VDU's blog: Graphs

Showing posts with label Graphs. Show all posts

Sunday, 18 January 2015

Some changes to my Ebola virus disease (EVD) graphs...

To perhaps provide clearer info and to accommodate the changes in the epidemic, namely the reduction in cases and the focus on ridding Guinea, Liberia and Sierra Leone from any and all cases of EVD, I've made some tweaks to my Tableau data visualizations (or dashboards). Briefly...

The dots take their leave.

Was this.

Gone are the dots in my cumulative chart, to be replaced by a third "area under the curve" style graph.

This brings out the importance of the confirmed cases-more on why that matters later. This week Cedric Moro @Moro_Cedric) asked why we seem to have a relatively large number of suspect and probable cases released in each report World Health Organization situation report (WHO SitRep) or summary (SitSumm). I imagine this is due to the turnaround time once the sample arrives, occasions when results may need to be repeated to confirm strange results, time between seeing a patient and sampling them for Ebola virus testing...but there are probably more obvious reasons. Chime in.

Is now this.

Plot the right data for now.

I'm not an epidemiologist - yes, I know you epidemiologists out there already know that. But I like to play with numbers and pretty colours. So this week I got some information that I didn't have before - the reason why use of cumulative curves was frowned upon by the excellent numbers communicator, Prof Hans Rosling (@HansRosling).

I had read previously that Prof Rosling was no fan of cumulative curves in graphically explaining progress in ridding west Africa of EVD. But I like them - I've even explained, in my epidemiologically unprofessional opinion - how a flat plateau on a cumulative curve clearly shows the stalling of an outbreak or epidemic. Turns out I either didn't read all of that quote, or the text I read didn't contain the key fact.

It's not really that cumulative curves are at fault, it's what they are plotting that can mislead. The important thing to plot, especially now that cases are fewer and laboratory capacity is in place, are the confirmed cases, not the total cases which include suspected+probable+confirmed cases.

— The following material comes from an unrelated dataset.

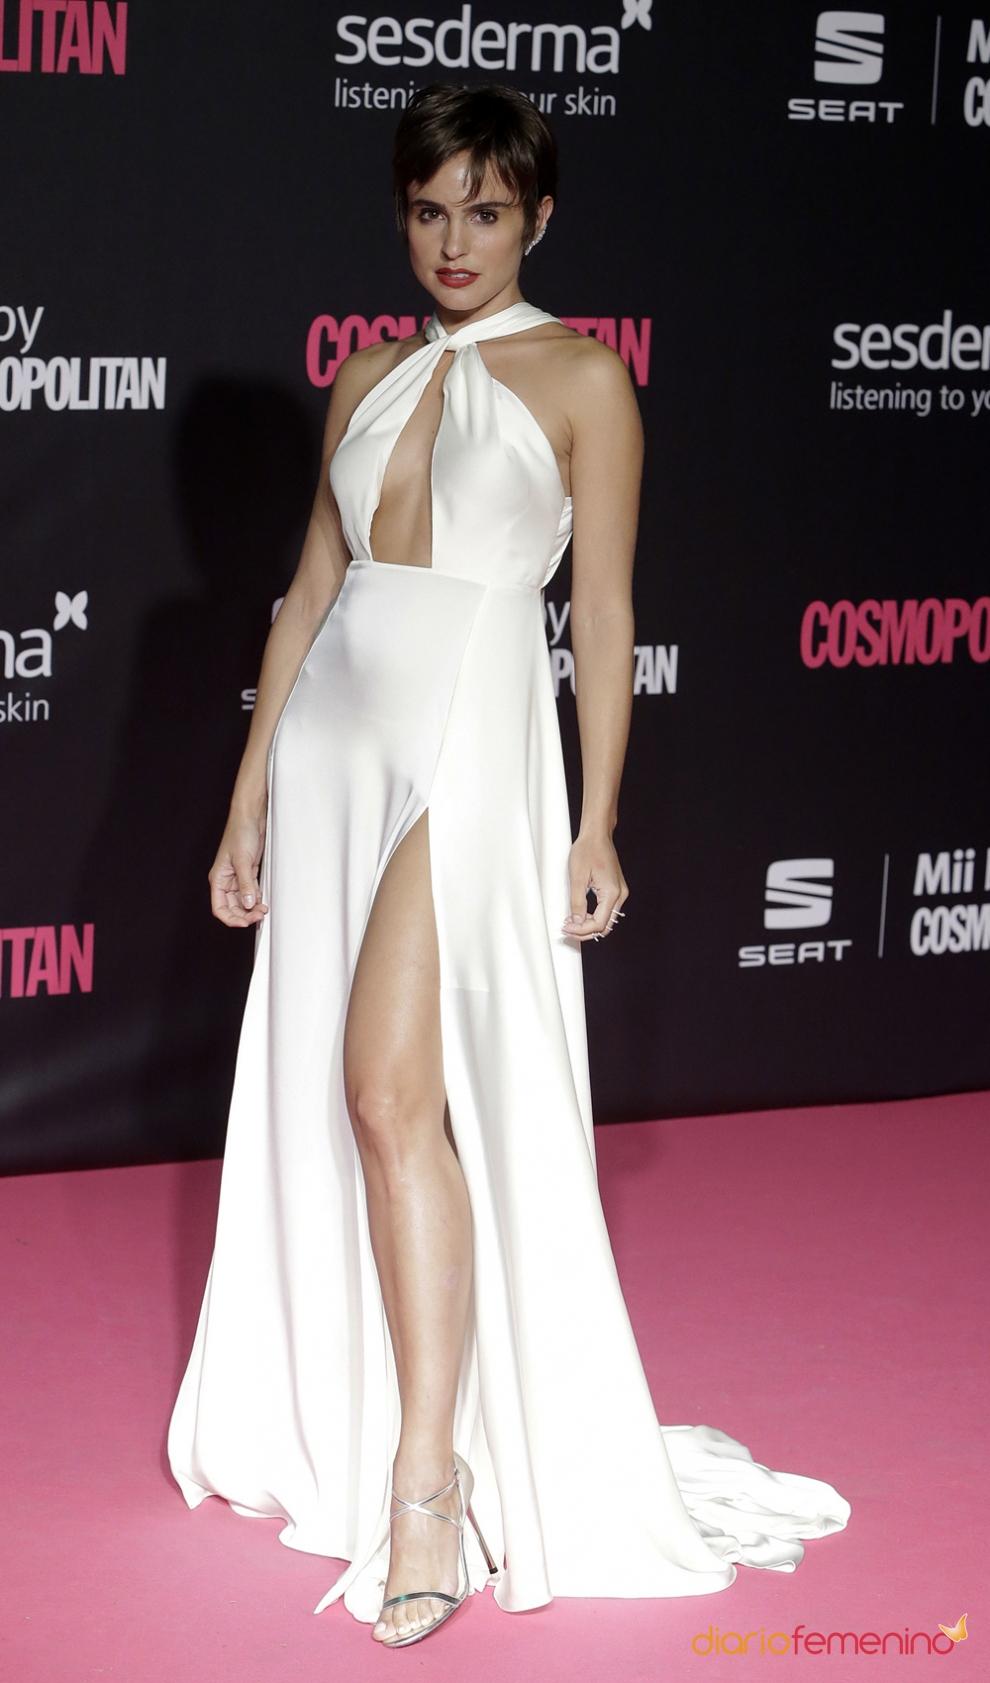 Blanca Suárez Beauty Rules - Bikini Luxe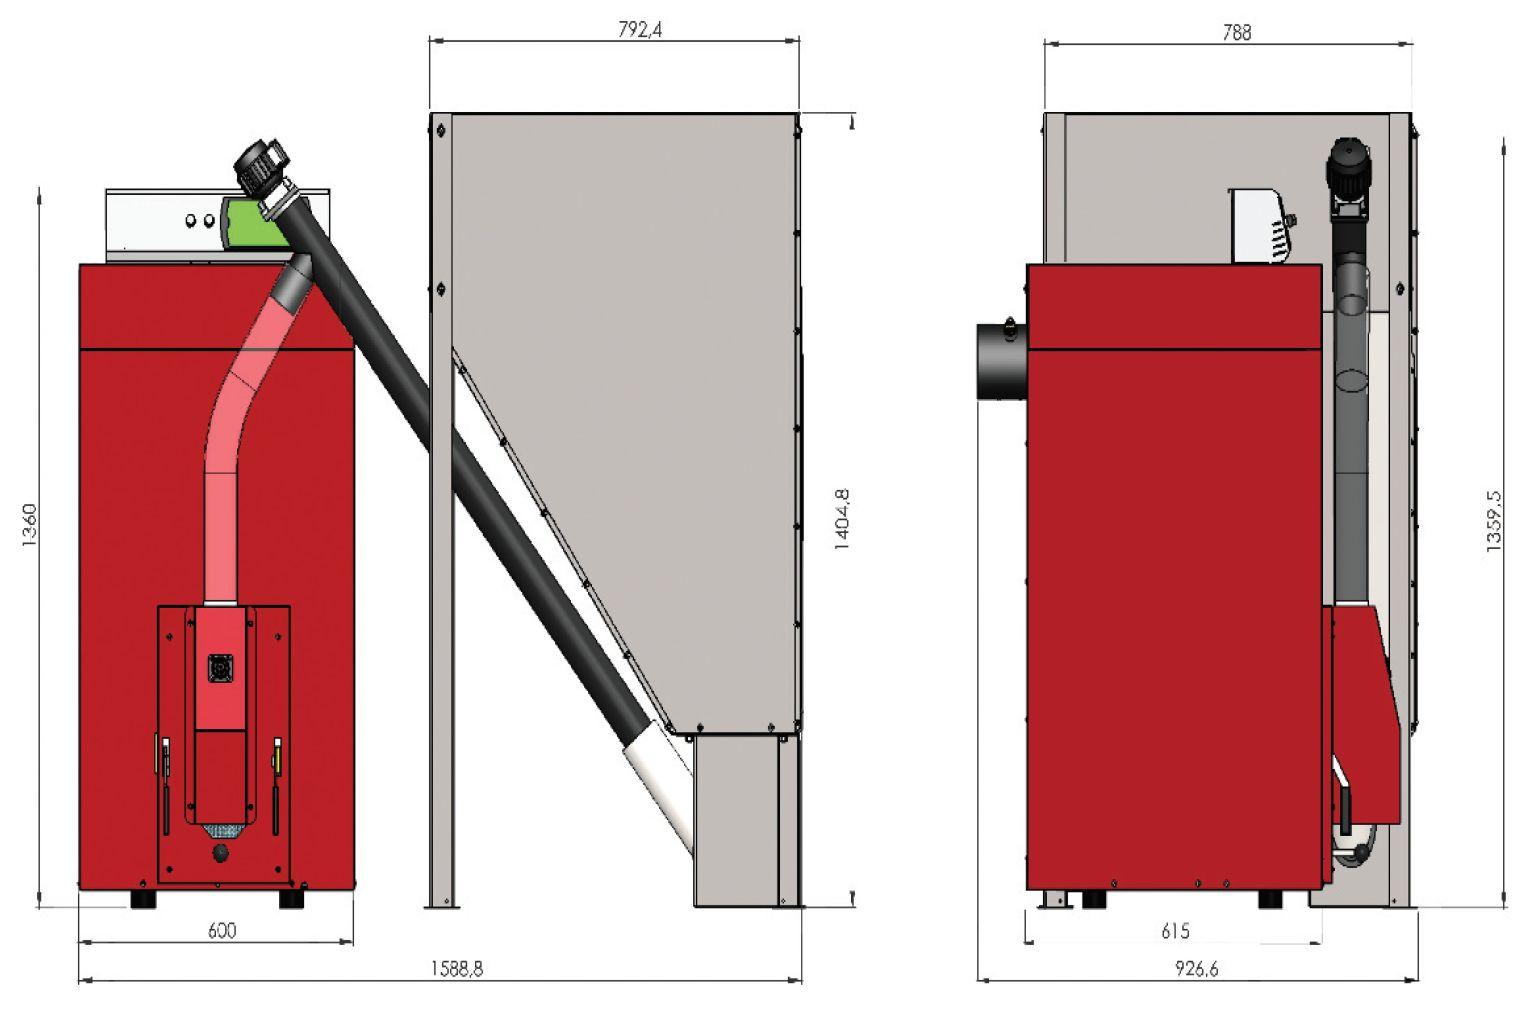 Kessel für Pellet Orligno 400 - 30 kW - Kessel, Heizkessel ...

Confirmed cases are Ebola virus, unconfirmed cases may never be.

In the last WHO SitRep (14-Jan-15) it was noted..

All 54 EVD-affected districts (those that have ever reported a probable or confirmed case) have access to laboratory support within 24 hours of sample collection.

"Access" doesn't mean a result will appear 24 hours after sampling though. But even with this shorter access period, suspected and probable cases are in fact still making up a decent proportion of the total cases reported in even the most recent reports. For example...

In Guinea the numbers between 14-Jan-2015 and 15-Jan-2015 saw suspected cases rise by 3, probables stayed the same and confirmed cases lifted by 8; 27% of the total cases reported between this pair of reports were not confirmed to be Ebola virus infections, at the time of reporting.
In Liberia over this period, suspected cases rose by 29, probables by 2 and confirmed case numbers did not change-so none of the 31 cases were laboratory confirmed as an Ebola virus infection.
In Sierra Leone over this period, suspected cases rose by 10, probables remained the same and confirmed cases lifted by 16; 38% of the total cases were not confirmed to be Ebola virus infections.

If we compare those figures to 2 SitReps from well before the WHO had declared the 24 hour laboratory support, dated 24-Sept-2014 and 26-Sept-2014, we find that Guinea only had 8% of its tally unable to be confirmed, Sierra Leone was at 12% not confirmed while 87% of EVD-like cases added to Liberia's tally between reports were not confirmed as due to and Ebola virus infection.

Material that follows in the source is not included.